ALTHOUGH he has vowed to fight on, Silvio Berlusconi’s conviction for tax fraud is fuelling speculation his eldest daughter Marina, head of his £4.25 billion business empire, could take his place as leader of the centre-right in Italy.
Loyalists in his People of Freedom (PDL) party insist Mr Berlusconi remains firmly in charge and will continue his 20-year leadership of the centre-right.
But the 76-year-old media mogul’s failure to overturn his conviction last week means he faces a year under house arrest or on community service, which would stretch even his formidable campaigning skills.
He is also likely to be ejected from the Senate in the autumn and be unable to stand as an electoral candidate.
This has boosted the idea that Marina, who turns 47 on Saturday, could become at least the figurehead for the PDL, despite her stated reluctance to enter politics.
Under this scenario, Mr Berlusconi would continue to exercise major influence as the party’s founding father, but his daughter would play the more public and campaigning role.
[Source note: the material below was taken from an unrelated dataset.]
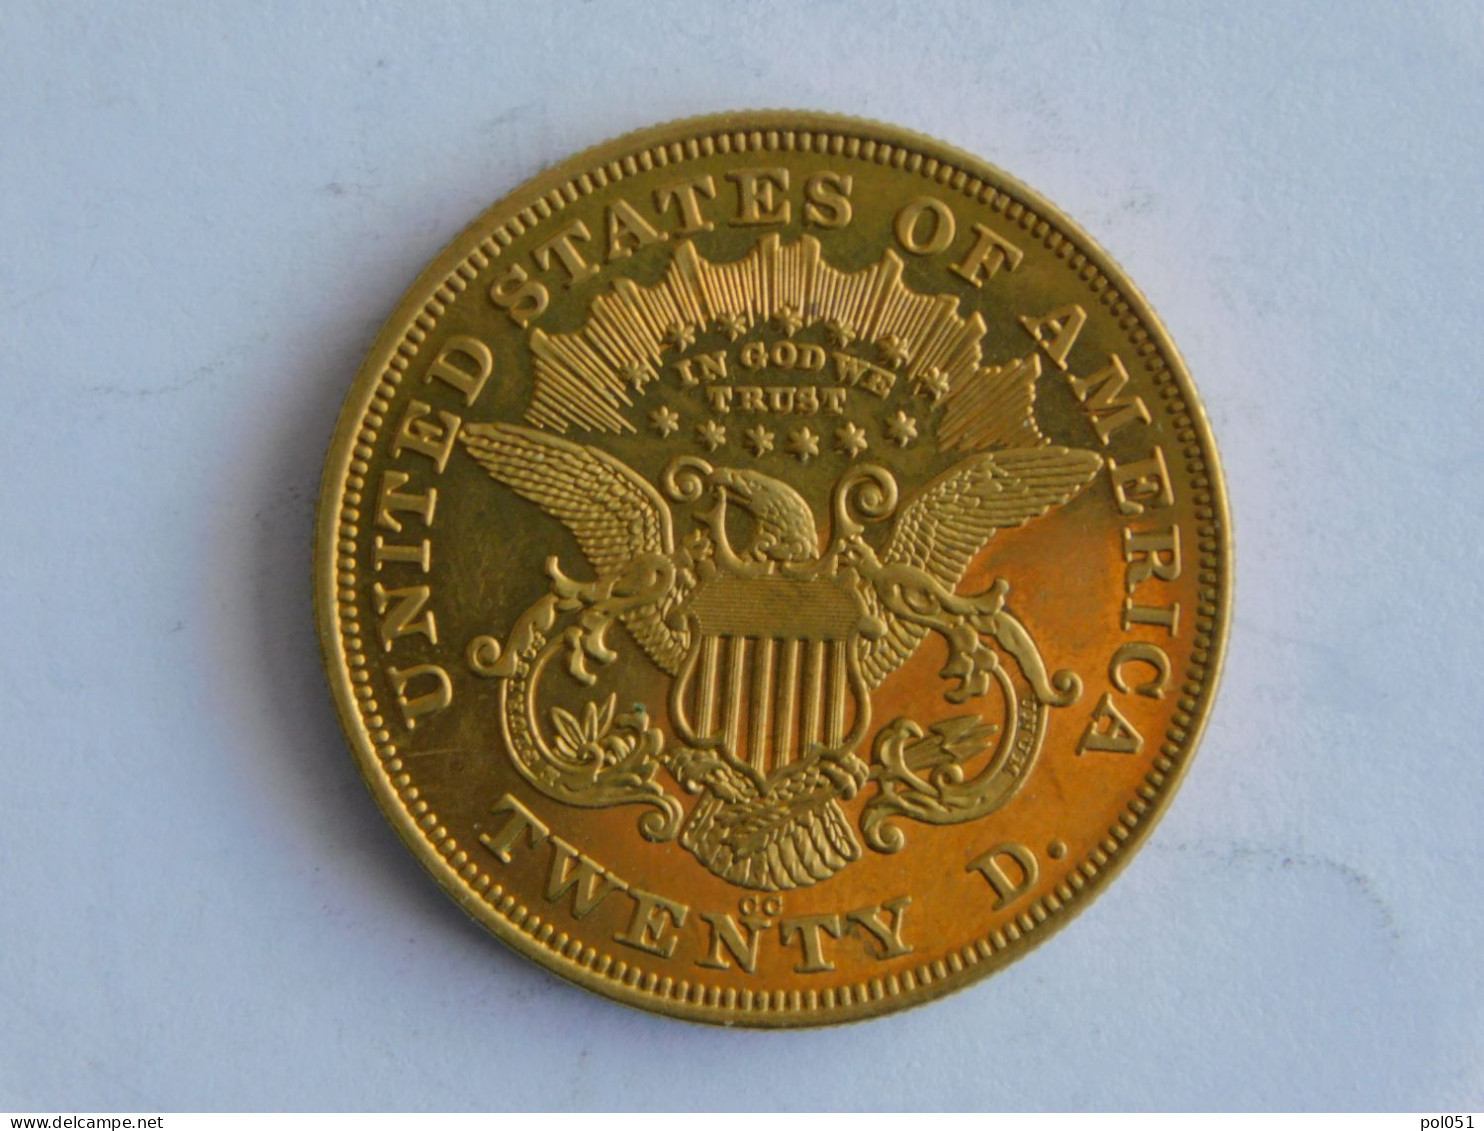 USA 20 TWENTY DOLLAR 1870 CC OR GOLD Dollars Copie Copy - 20$ - Double Eagles - 1877-1901: Coronet Head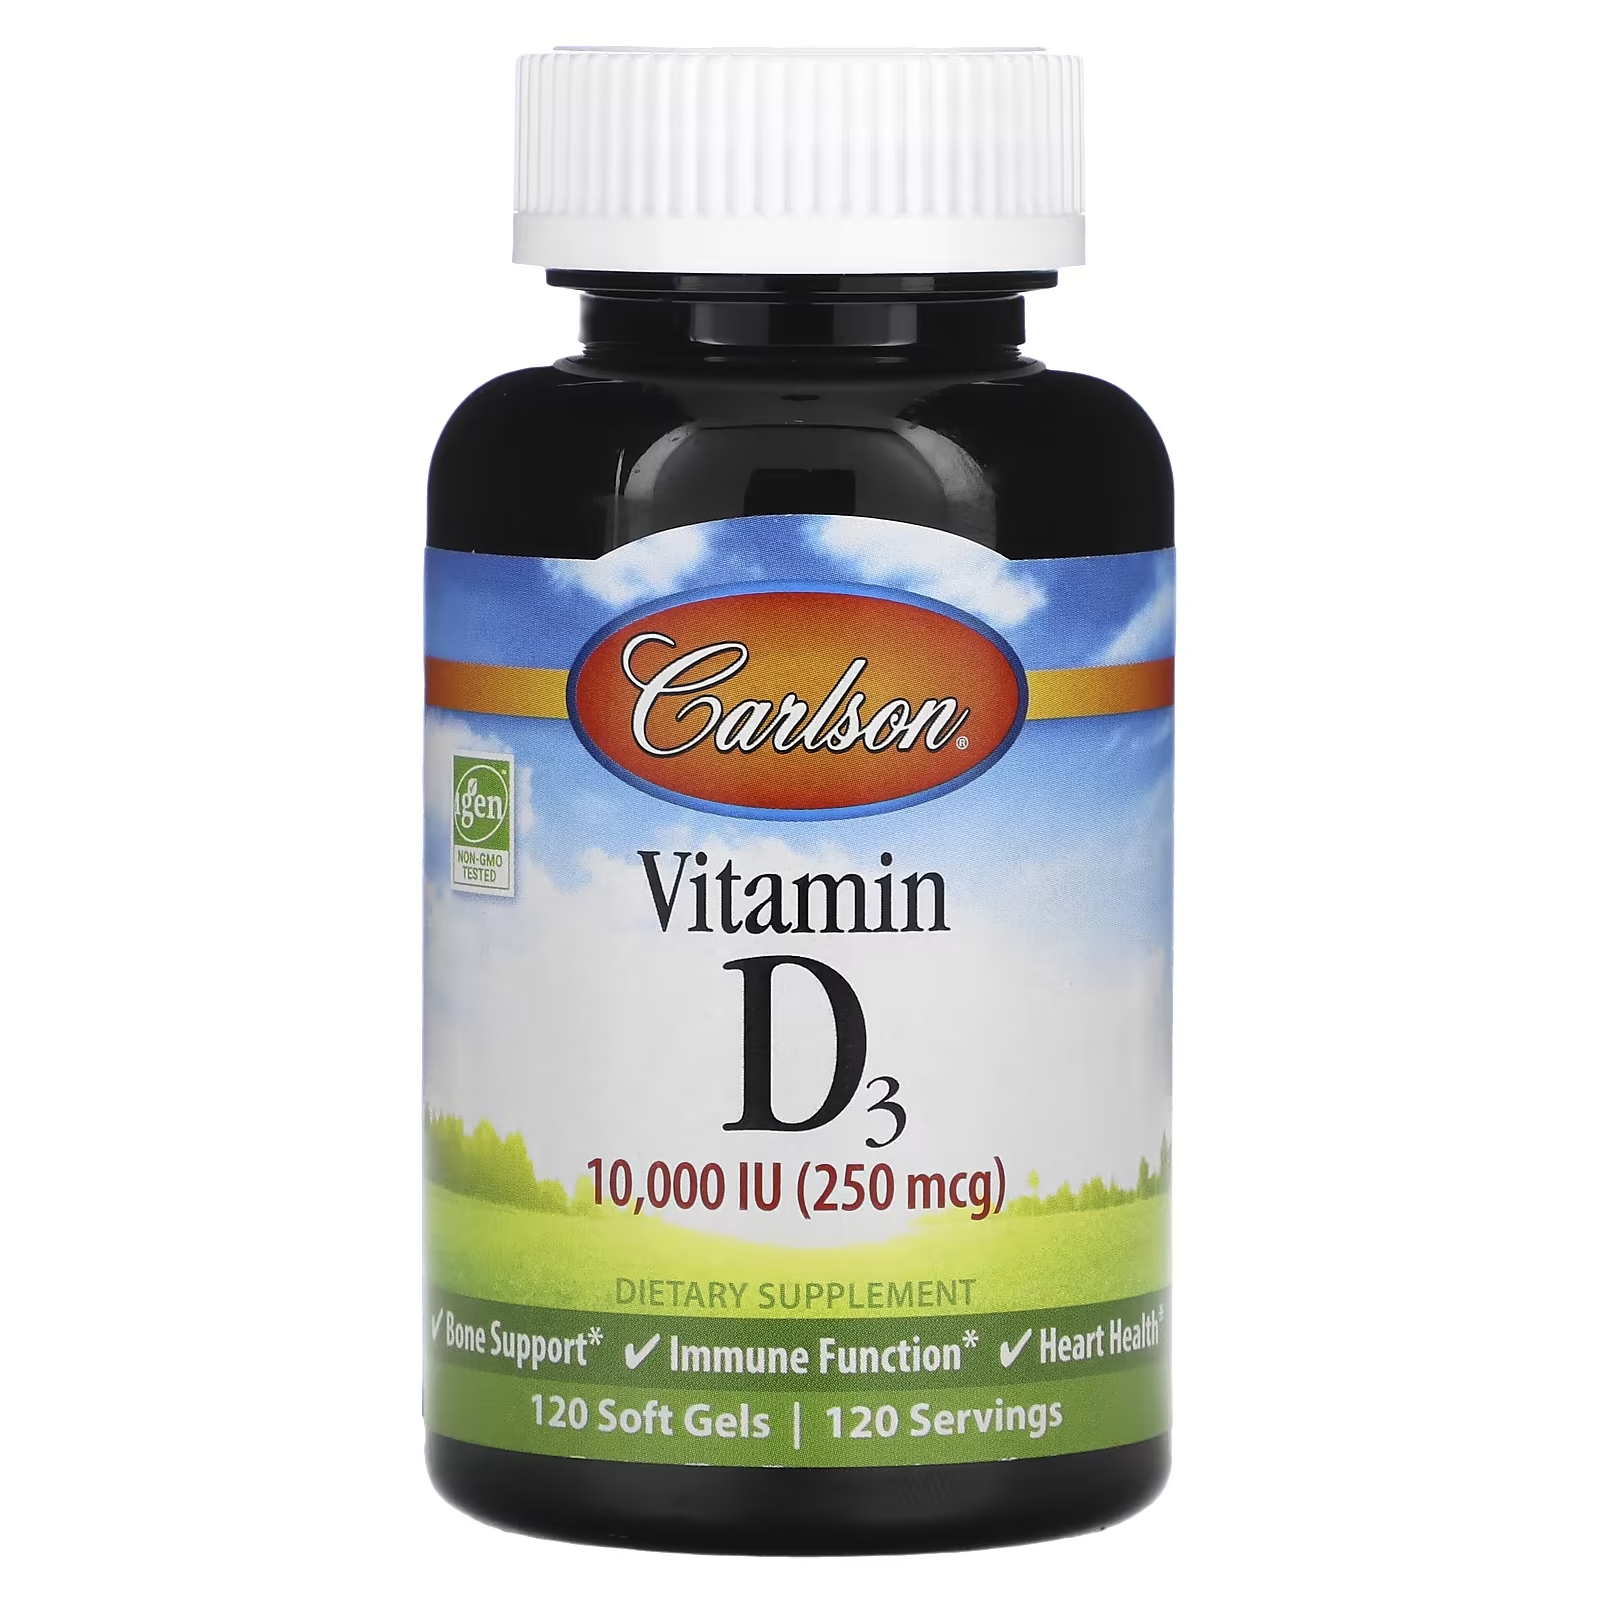 Витамин D3, 250 мкг (10 000 МЕ) Carlson, 120 мягких капсул витамин а 25 000 ме carlson labs 120 капсул добавка для иммунитета зрения кожи ретинол для взрослых мужчин и женщин

Such speculation is encouraged by the fact that the PDL exists only because of Mr Berlusconi and is totally dependent on his wealth and leadership.
“I’d rather have Berlusconi stay on for another round. That said, I am absolutely fine with Marina,” Daniela Santanche, one of the former premier’s staunchest supporters, told a TV show.
A front-page article last weekend in the family’s newspaper, il Giornale, said: “Every day they ask her [Marina] to enter politics. She says no. Perhaps it’s because she knows how to choose the right moment.”
Listed among the world’s most powerful women by US business magazine Forbes, Marina Berlusconi sits at the helm of Fininvest, a holding company that controls broadcaster Mediaset, publishing house Mondadori and football club AC Milan. It also has a big stake in asset manager Mediolanum.
She is described by people who work with her as tough and demanding; Fedele Confalonieri, a lifelong friend of her father and chairman of Mediaset, has likened her tough business drive to a “pneumatic drill”.
However, some senior PDL figures, including chamber of deputies floor leader Renato Brunetta, are said to oppose the idea of a dynasty in Italian politics.
Mr Berlusconi catapulted his daughter into corporate life in her early twenties. “Silvio put her down to work when she was barely more than a child,” Vittorio Giovanelli, former director of his Retequattro TV network, wrote in a 2003 book, saying her father started taking her to business meetings in 1985. “She listened and took notes for hours, she would never stop.”
A mother of two married to a former La Scala ballet dancer, Marina became Fininvest deputy chairwoman in 1996 and landed the top job in 2005. During her tenure, Mediaset and Mondadori have run into hard times. Both are struggling to keep on top of the technological changes threatening the media industry, compounding the damage done by recession, which has weakened the advertising market.
Despite repeatedly distancing herself from the idea, Marina’s name has cropped up regularly as a potential leader since her father was unceremoniously bundled from power in November 2011, as Italy faced a possible Greek-style debt crisis.
“I never even thought of entering politics; it’s not my role,” she said in a rare interview in 2011. Just over a month before her father’s conviction, Fininvest said talk of her stepping into her father’s shoes was “groundless”.
Pollsters say that while she has no political experience, she would be well received by her father’s supporters, and could exploit her image as a successful businesswoman, as he did when he entered politics in 1994.
But her father’s extraordinary political skills would be a tough act to follow.
“It remains to be seen whether she is capable of connecting with people like her father is,” Renato Mannheimer, of the ISPO polling institute, said.